Tuesday, May 12, 2009

The bees settle in to Treffynnon Farm

Installing the bees into their new home was quite an interesting challenge. I have been reading all the bee books I could find, plus bee info on the Internet, and I even asked Cory at Beeyond Wonderful for some tips. But you know, no matter how much you prepare yourself, opening that box of buzzing, roiling insects who would kill you if you touched their children, well, that is just a little bit intimidating.

When I opened the nuc box, this is what I saw: bees, bees and more bees! Over 25,000 is what Cory told me. Now in the middle of the day most of them are supposed to be out and about foraging for nectar and pollen. I'm not sure about that. This box was so full of bees I think they had a bank holiday or something. You can see in this picture that they have been busy building comb, and it is a little bit wonky, not straight at all.

Here is a shot of all four frames in the box.

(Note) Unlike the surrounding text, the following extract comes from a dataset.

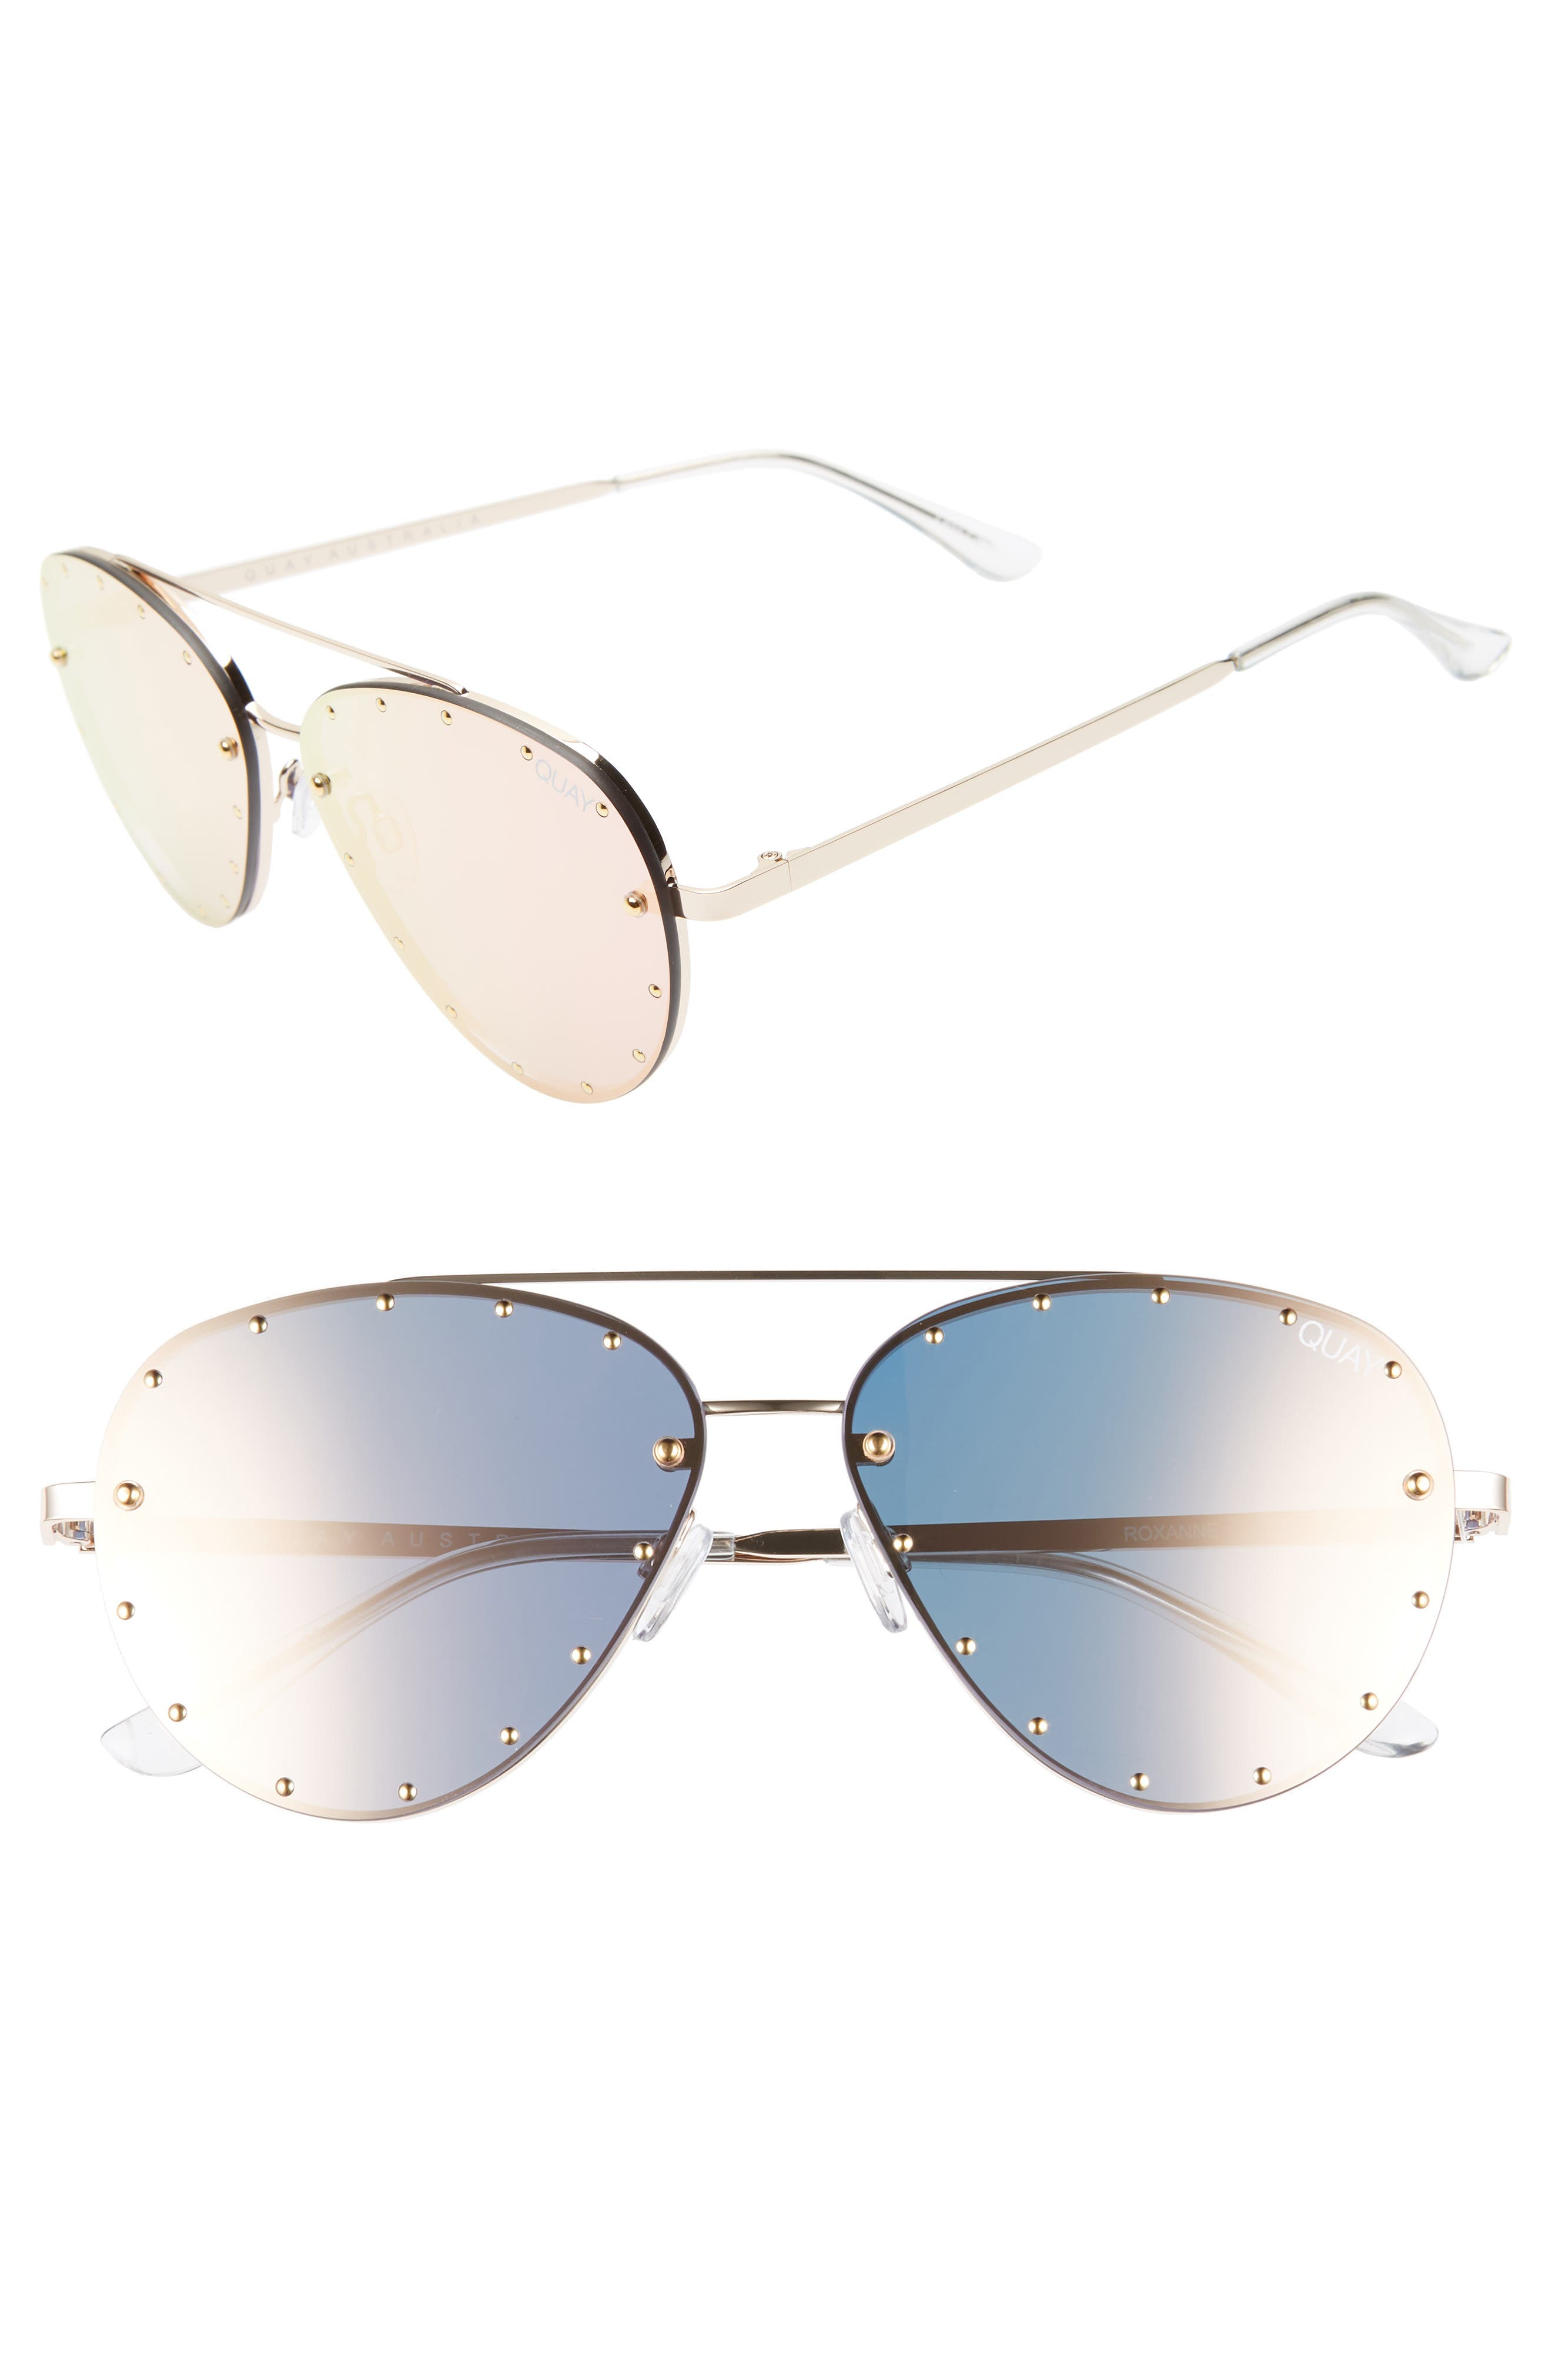 x Jaclyn Hill Roxanne 62mm Stud Aviator Sunglasses,                         Main,                         color, GOLD / ROSE

If you look closely you can see how the bees have started working on the side of the box (at the bottom of the photo) to build another frame. They are more than ready for more frames to build out with beeswax. They had even started a drop down comb on the inside lid of the box. I pried that off because it was just so cool. They wouldn't have been able to use it anyway.

Now that the box is open, I have to pry each frame out of the box and carefully transfer in to the super (wooden box on the ground, it is the foundation for a bee hive). Sounds simple, doesn't it? Now, add to that the buzzing bees around your head, hundreds of bees on the frame which weighs at least 5 pounds, and the curious bees want to crawl all over the frame as I am putting it into the super, even under the frame where it is supposed to rest on the little piece of wood on the side. All the books tell you to try and not squish any bees because when they die the emit an odor that sends the other bees into a frenzy of concern and they are more likely to try and sting the bee keeper. Oh, and did I mention I'm wearing thick leather gloves and a hat that doesn't fit and keeps sliding off my head. Geez, the problems that come up when you least need them!

I am smiling for the camera, but I am totally freaked out at this point. I have transferred two of the nuc frames to my super on the ground, and there are bees all around me buzzing and curious. I don't really get the sense that they are threatening, but my natural instinct is to run away screaming and swatting at them with my hands. I won't do that, but that's what is happening on one level of my brain.

The queen was on this frame. Just as I was putting it in the super Barry asked, "Have you found the queen?", and honestly, I hadn't even thought about her. My goal was to get those bees in the new box and get out of there. Plus, I had to do all of this very s l o w l y so as not to alarm the bees. Don't get me wrong, on one level I was freaking out, but on another level I was having a great time. I want to get to a point where I'm not so inexperienced so that I can enjoy it more, if that makes sense. Getting stung day one made me not worry as much about that, but there will always be that "Attack of the Killer Bees" movie scene in my head. Damn media generation stuff. But then I saw her--the queen was moving around the frame! Wow, I actually spotted her! I felt so...so...bee keeper-y.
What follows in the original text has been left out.